Examples of way you should us a formal randomization process • Time estimation example Two level IV (with feedback and without) Class of 50 students go to room 666 at 7:00 PM • Arbitrarily (informal randomization) decide: first 25 that arrive placed in “feedback” last 25 that arrive placed in “no feedback” • Results: better time estimation in feedback group

Real life (subtle) example: Learning in Rats

What does random assignment “buy” you? • Will, on average, in the long run, have an equal representation of all levels of secondary variables in all groups. • The larger the population size and/or the more homogeneous the population, the better randomization will work to provide equal groups.

• differences between groups may occur as a result of secondary variables but these differences will occur solely on the basis of chance and we know a lot about “chance” and how it operates (inferential statistics).

Random Groups Design Example • Dittmar, Halliwell, & Ive (2006) page 188 of 9th ed. • “Does Barbie make girls want to be thin?” • The effect of exposure to very thin models on young girl’s body image. • Most research on body image done with adolescents and young women. • This research looked at girls age 5.5-6 years

• All girls listened to same story, “Mira” shopping for party dress • Looked at picture book while listening to adult read • Some girls saw Barbie doll as “Mira”. Some girls saw Emme doll as “Mira”, some saw a book without any pictures of “Mira”, just scenes and objects. • All girls complete “Child Figure Rating Scale”

• IV (s)? • DV (s)? • Secondary variable(s)?
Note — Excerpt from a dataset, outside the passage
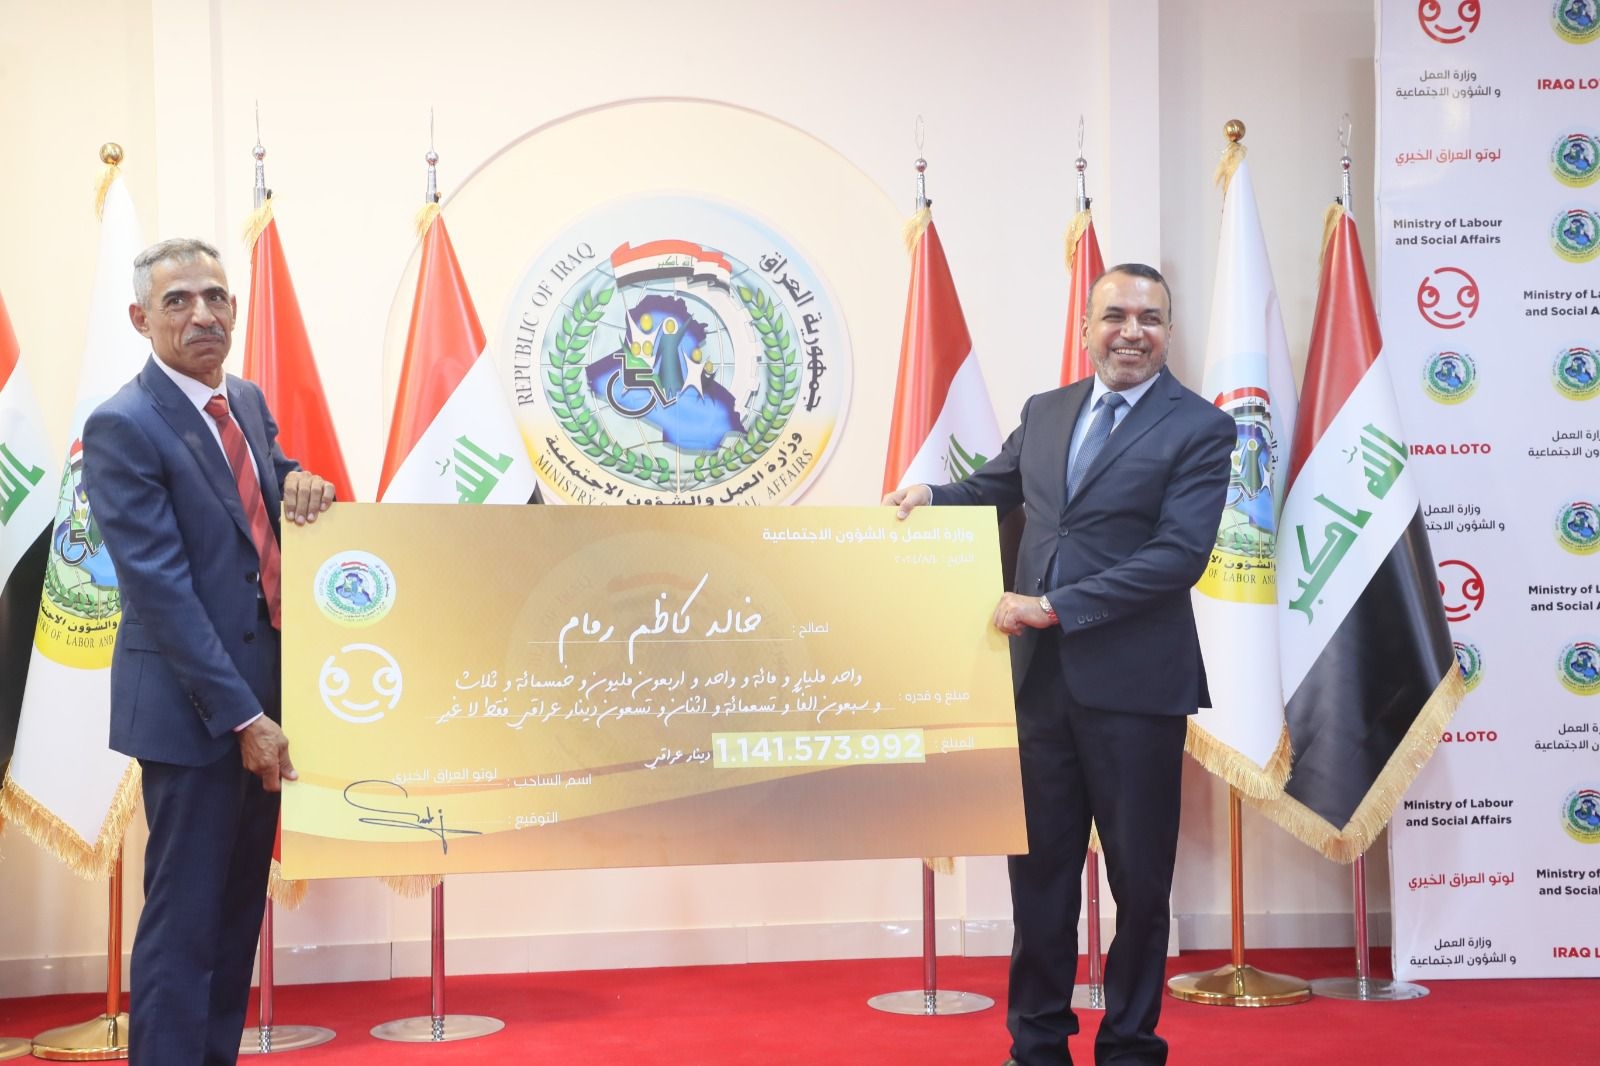 وزير العمل يسلم مواطنا عراقيا اكثر من مليار دينار فاز بها ضمن يانصيب خيري

• Barbie condition showed the highest body dissatisfaction. • Emmie and no-doll condition showed no body dissatisfaction at all.

Matched Groups Design • Different subjects serve at the different levels of the IV however the subjects are matched on the basis of some “important” secondary variable • An attempt to create equivalent groups when you cannot gather a large number of participants and/or your population is very heterogeneous (with respect to your DV).

Steps to forming “Matched Groups” 1) Rank-order subjects by performance on the selected “matching task”. Often the task used is the same as your DV but could be some other similar variable relevant to the outcome of the study. 2) Form sets of similar (“matched”) subjects and randomly assign one member from each set to each level of your IV. • Will help to take important secondary variables and form groups that are equivalent with respect to that variable.

Example: New drug to control high blood pressure • Measure participants’ blood pressure WITHOUT medication. • Form pairs of people with similar pre-study BP. • Randomly assign one member of each pair to the new medication group and the other to the old medication group.

Natural Groups Design • There is no true IV • The variable of interest is an “individual differences” variable • Very common in Psychological Research • Example: Relationship between divorce and subsequent emotional disorders • Even if you find a “statistically significant” result, you cannot claim causality.